Anyone know any more sums like these?

[benorin]

Here are two cool functions defined by power series:

$$\sum_{n=1}^{\infty}\frac{z^{n-1}}{(1-z^{n})(1-z^{n+1})}=\left\{\begin{array}{cc}\frac{1}{(1-z)^2},&\mbox{ if }<br /> |z|<1 \\\frac{1}{z(1-z)^2}, & \mbox{ if } |z|>1\end{array}\right.$$

and

$$\sum_{n=1}^{\infty}\frac{z^{2^{n-1}}}{1-z^{2^{n}}}=\left\{\begin{array}{cc}\frac{z}{1-z},&\mbox{ if }<br /> |z|<1 \\\frac{1}{1-z}, & \mbox{ if } |z|>1\end{array}\right.$$

The first sum is from (pg. 59, #1) A Course of Modern Analysis by E.T. Whittaker & G.N. Watson, and the second sum (I checked this one rigorously, but not the first) is from (pg. 267, #100b) Theory and Applications of Infinite Series by K. Knopp.

So, any other functions defined by power series that converge to one function for |z|< r and to another function for |z|>r ?

A discussion of the analytic continuation of functions (and, perhaps, the natural boundaries thereof) is nearly expected--and somewhat encouraged. But please, post more nifty sums like these.

 

[benorin]

Here's another sum

$$\frac{1}{2}\left( z+\frac{1}{z}\right) + \sum_{n=1}^{\infty} \left( z+\frac{1}{z}\right) \left(\frac{1}{1-z^{n}} - \frac{1}{1+z^{n-1}}\right) =\left\{\begin{array}{cc}z,&\mbox{ if }|z|<1 \\\frac{1}{z}, & \mbox{ if } |z|>1\end{array}\right.$$

This sum is also from (pg. 99) A Course of Modern Analysis by E.T. Whittaker & G.N. Watson.

I'm looking for a general theory of such oddball sums, anybody know?

 

[fourier jr]

what's so oddball about those sums? is it that the functions are so similar-looking on different intervals?

 

[benorin]

How do you construct a series like this?

No, it's that they converge to different functions inside and outside the unit circle.
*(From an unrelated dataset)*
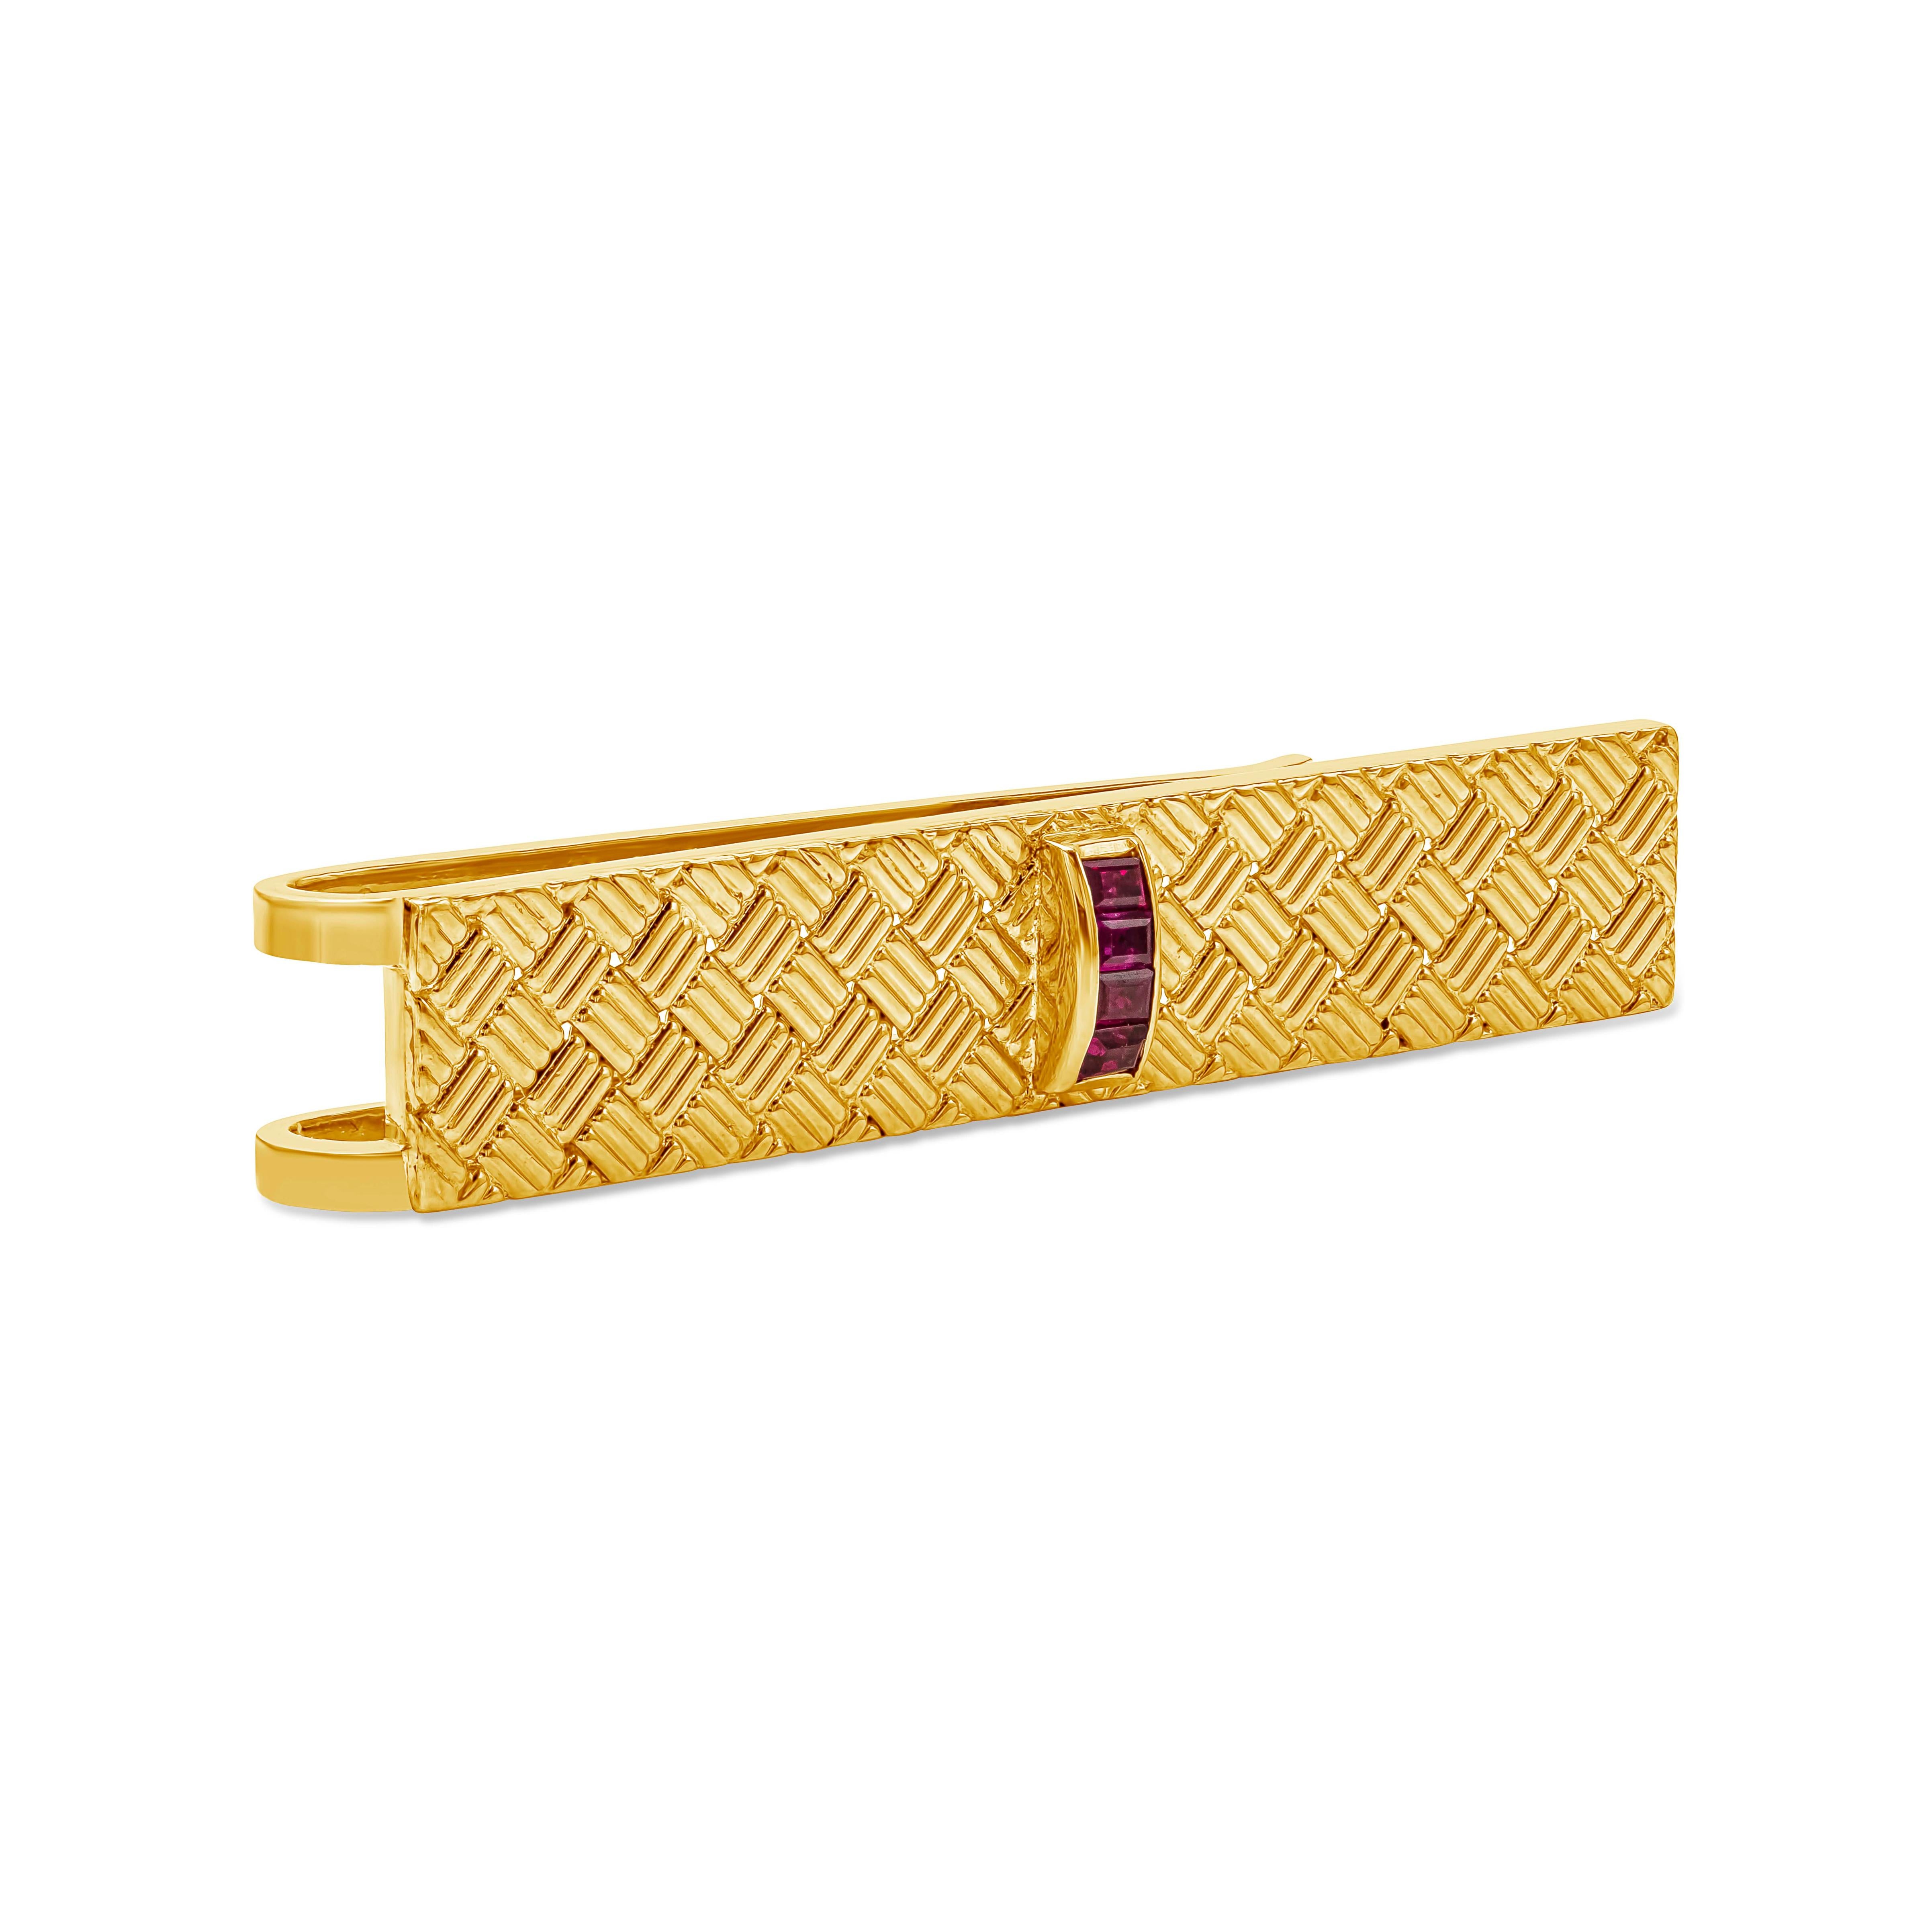 Hergestellt und signiert von Tiffany & Co. Die Krawattenklammer mit Webmuster ist mit drei Rubinen in der Mitte verziert. Rubine wiegen 0,35 Karat. Hergestellt aus 18k Gelbgold.

How do you construct such a power series? That is, given two functions $F_{1}(z)\mbox{ and }F_{2}(z)$, construct a power series

$$F(z)=\sum_{k=0}^{\infty}f_{k}(z) = \left\{\begin{array}{cc}F_{1}(z),&\mbox{ if }|z|<R \\F_{2}(z), & \mbox{ if } |z|>R\end{array}\right.$$

for some fixed value of R.

 

[benorin]

This is sweet... Here's the general solution to the above problem

Here's the general solution to the above problem, this solution is due to J. Tannery circa 1886.

$$\theta\left( z\right) =\frac{1}{1-z}+ \sum_{n=1}^{\infty} \frac{z^{2^{n}}}{z^{2^{n+1}}-1} = \left\{\begin{array}{cc}1,&\mbox{ if }\left| z\right| <1 \\0, & \mbox{ if } \left| z\right| >1\end{array}\right.$$

For this one, the n^th partial sum (including the term outside the series) is given by

$$-\frac{1}{{z^{2^{n-1}}-1}}$$

the limits of which are ovbious for the interior and exterior of the unit circle.

Let $$F_{1}(z) \mbox{ and } F_{2}(z)$$ be defined on the interior and exterior of the circle $$\left| z\right| =R$$, repectively. Define

$$F(z)= \theta\left( \frac{z}{R} \right) F_{1}(z) + \left[ 1 - \theta\left( \frac{z}{R} \right) \right] F_{2}(z)$$

then $$F(z)= \left\{\begin{array}{cc} F_{1}(z) ,&\mbox{ if }\left| z\right| <R \\ F_{2}(z) , & \mbox{ if } \left| z\right| >R\end{array}\right.$$.